BEGIN Data segment
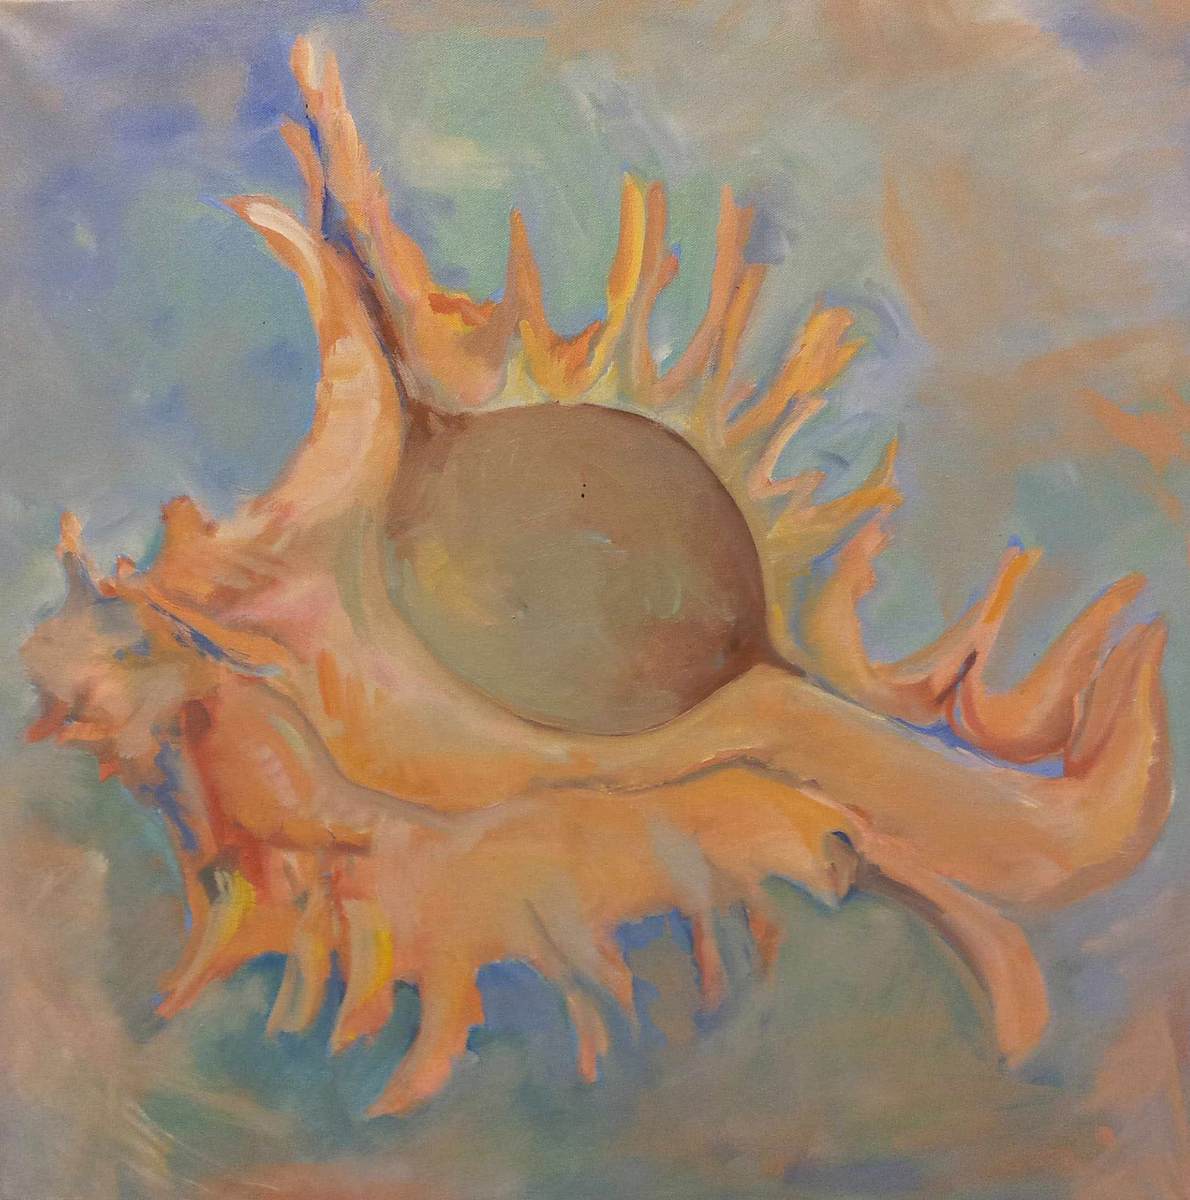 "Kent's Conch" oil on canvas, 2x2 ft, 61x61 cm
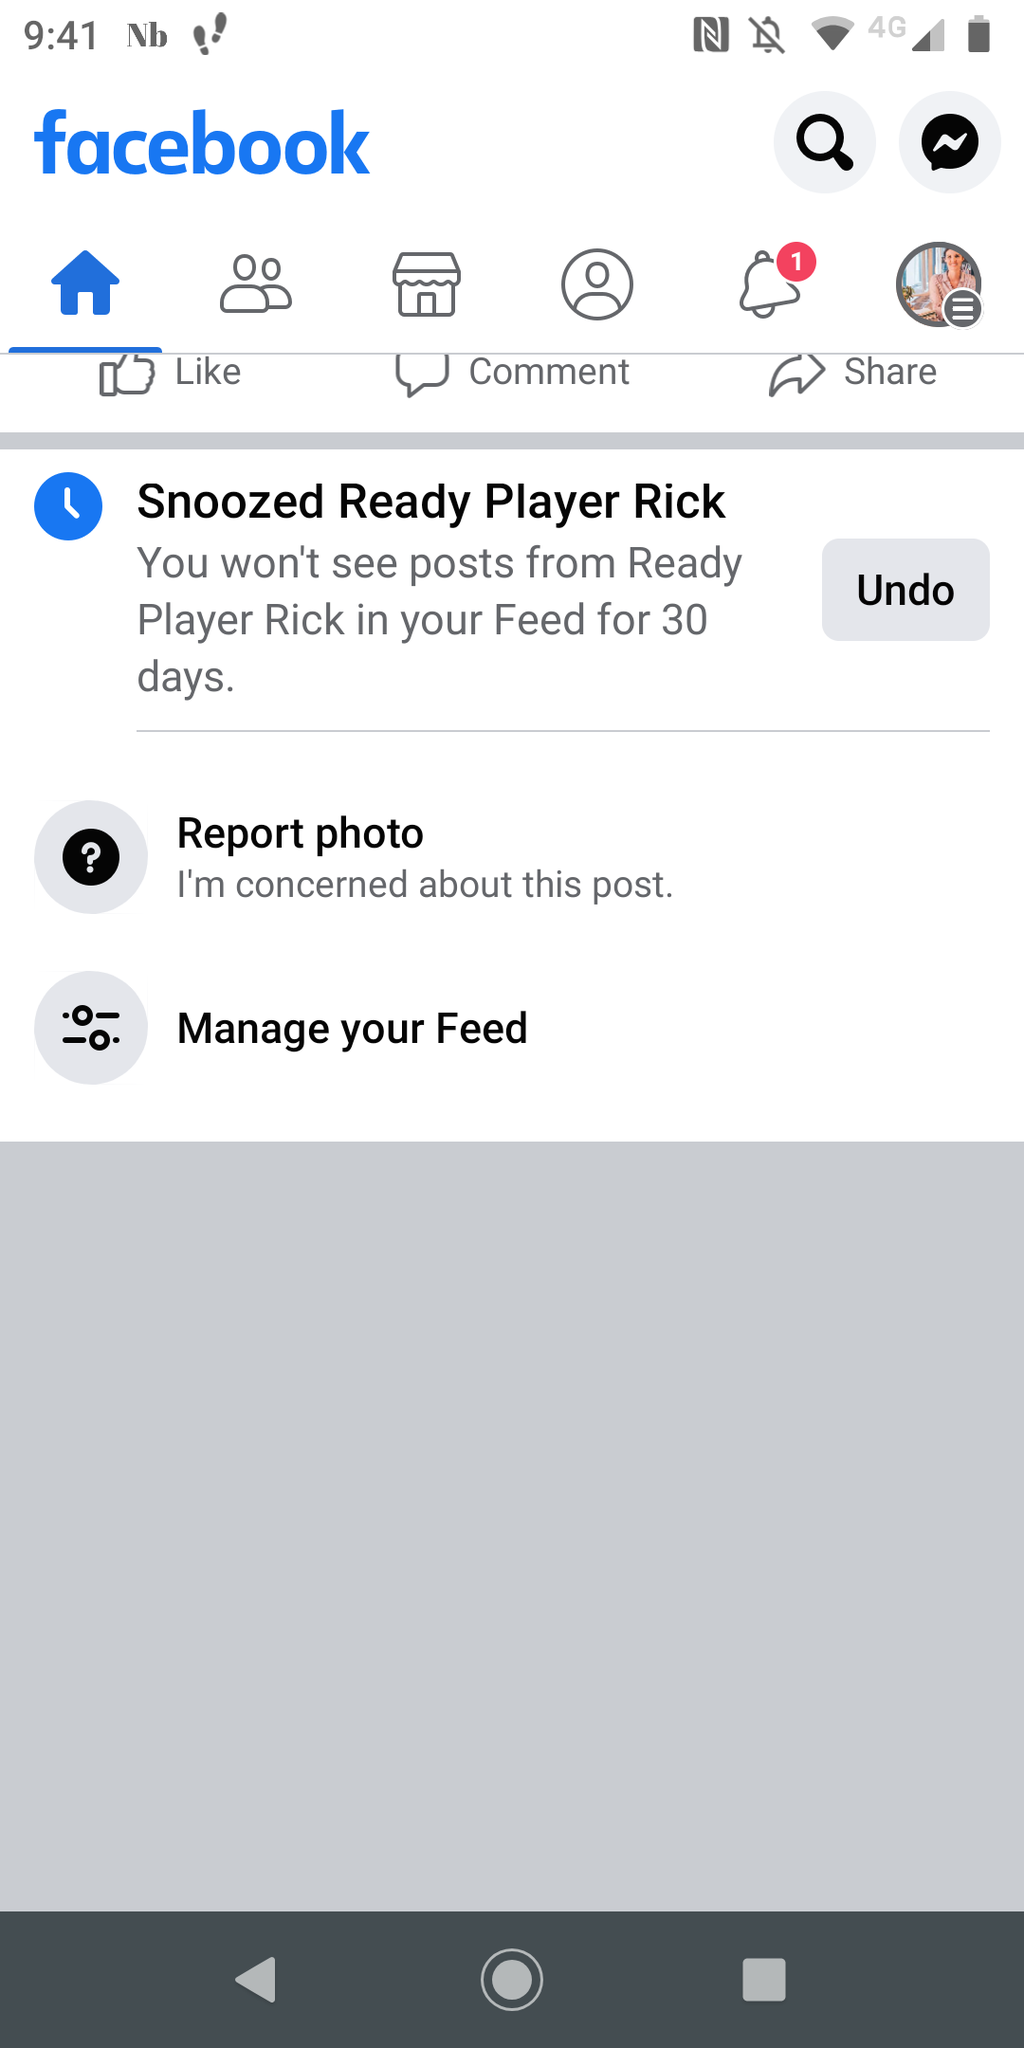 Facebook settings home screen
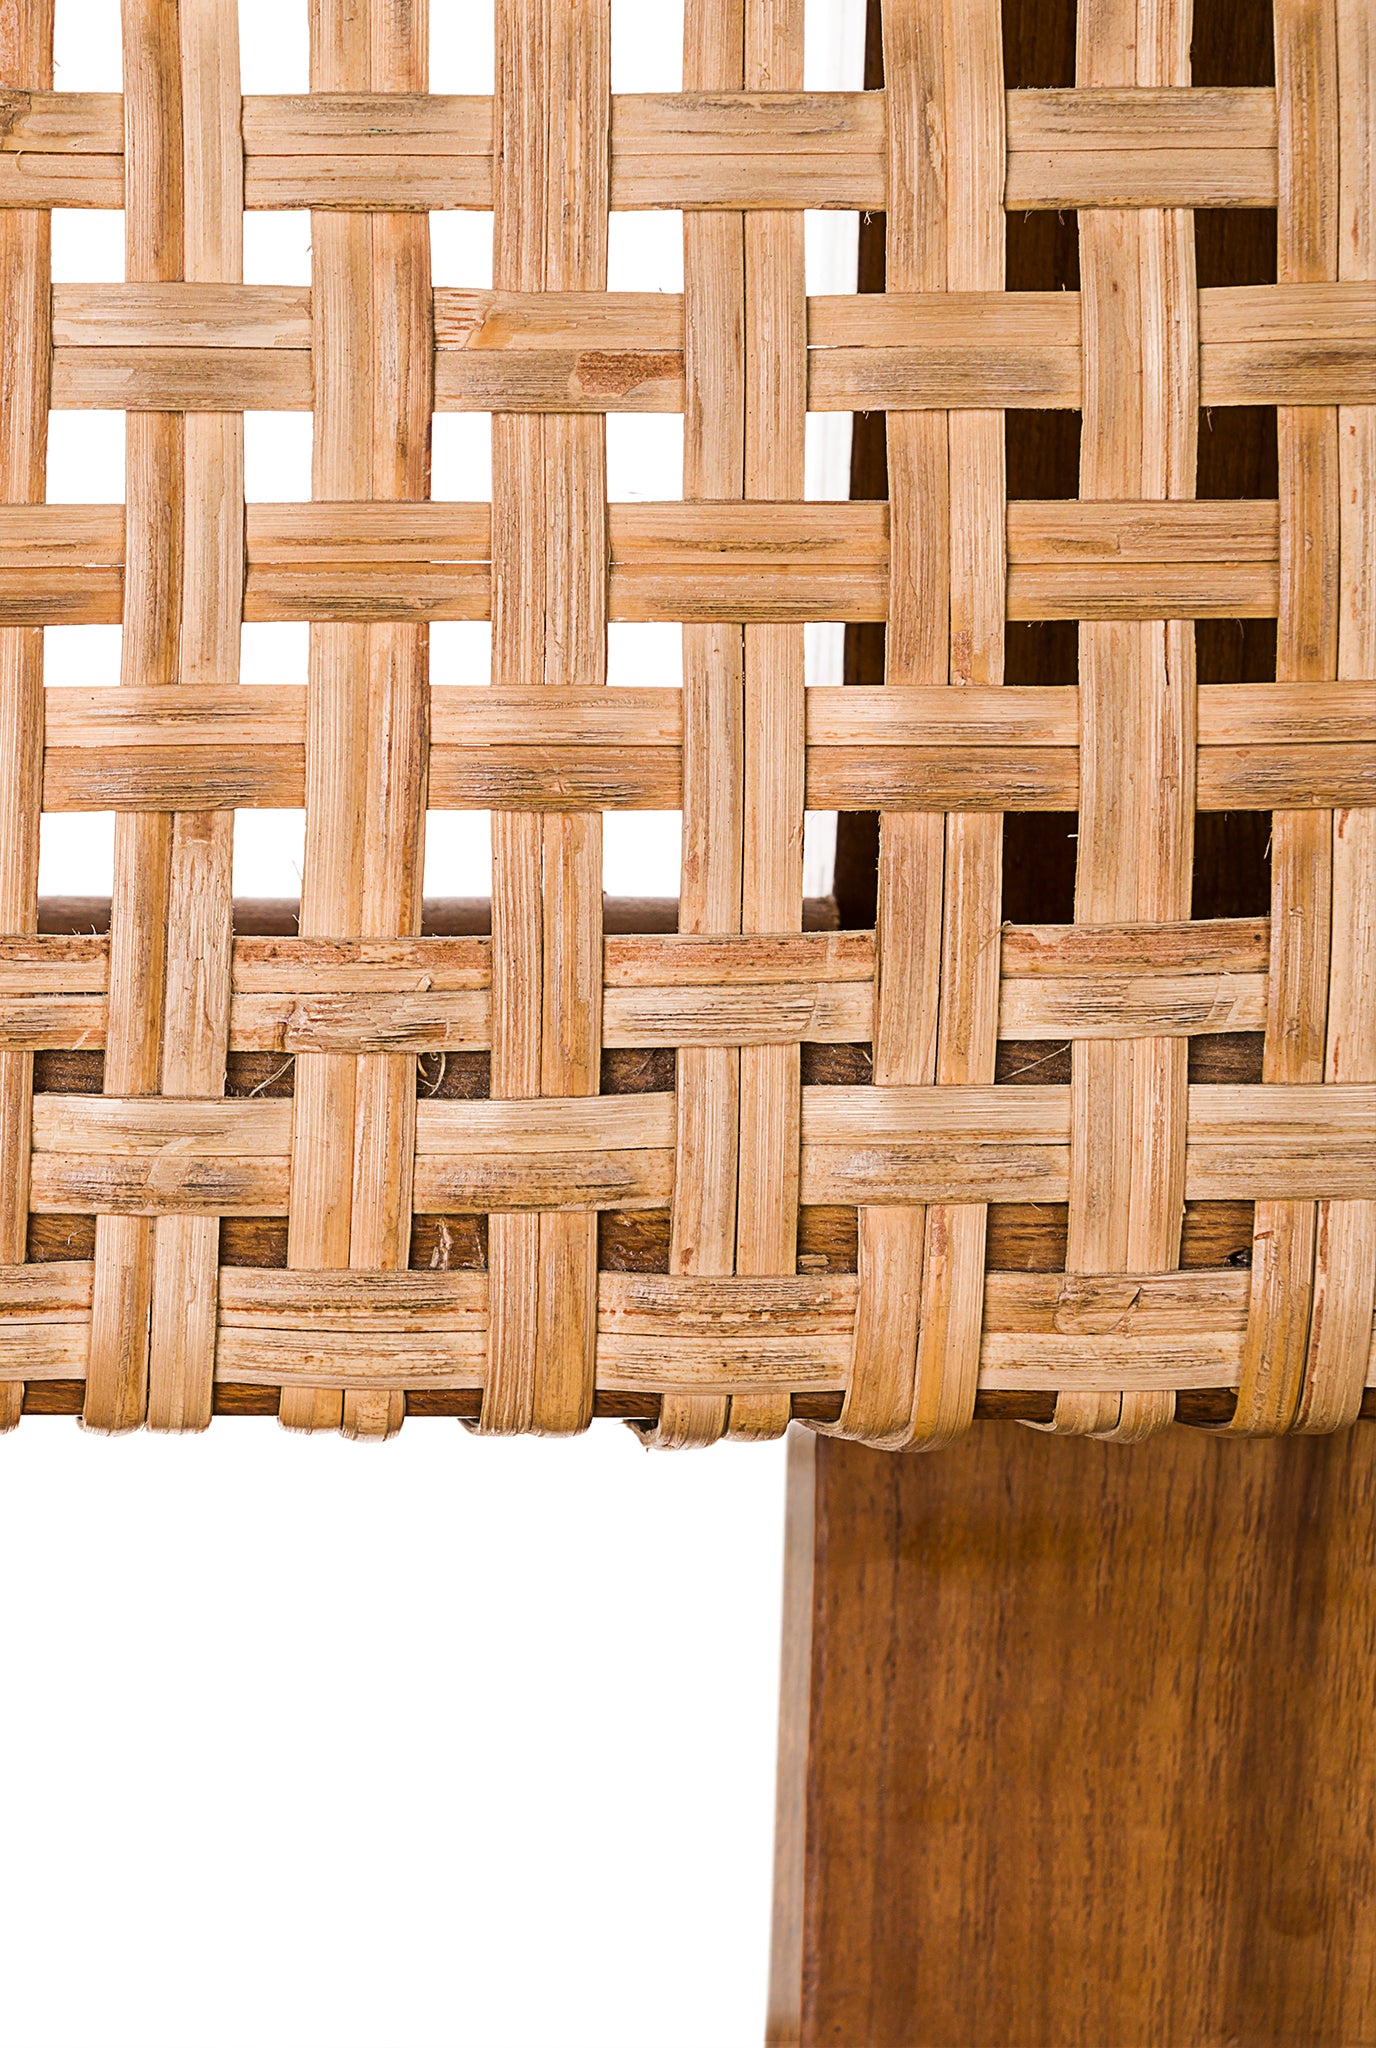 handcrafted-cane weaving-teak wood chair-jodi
END Data segment
This task calls for the listing to be restated exactly, with images omitted.

 "Kent's Conch" oil on canvas, 2x2 ft, 61x61 cm
 Facebook settings home screen
 handcrafted-cane weaving-teak wood chair-jodi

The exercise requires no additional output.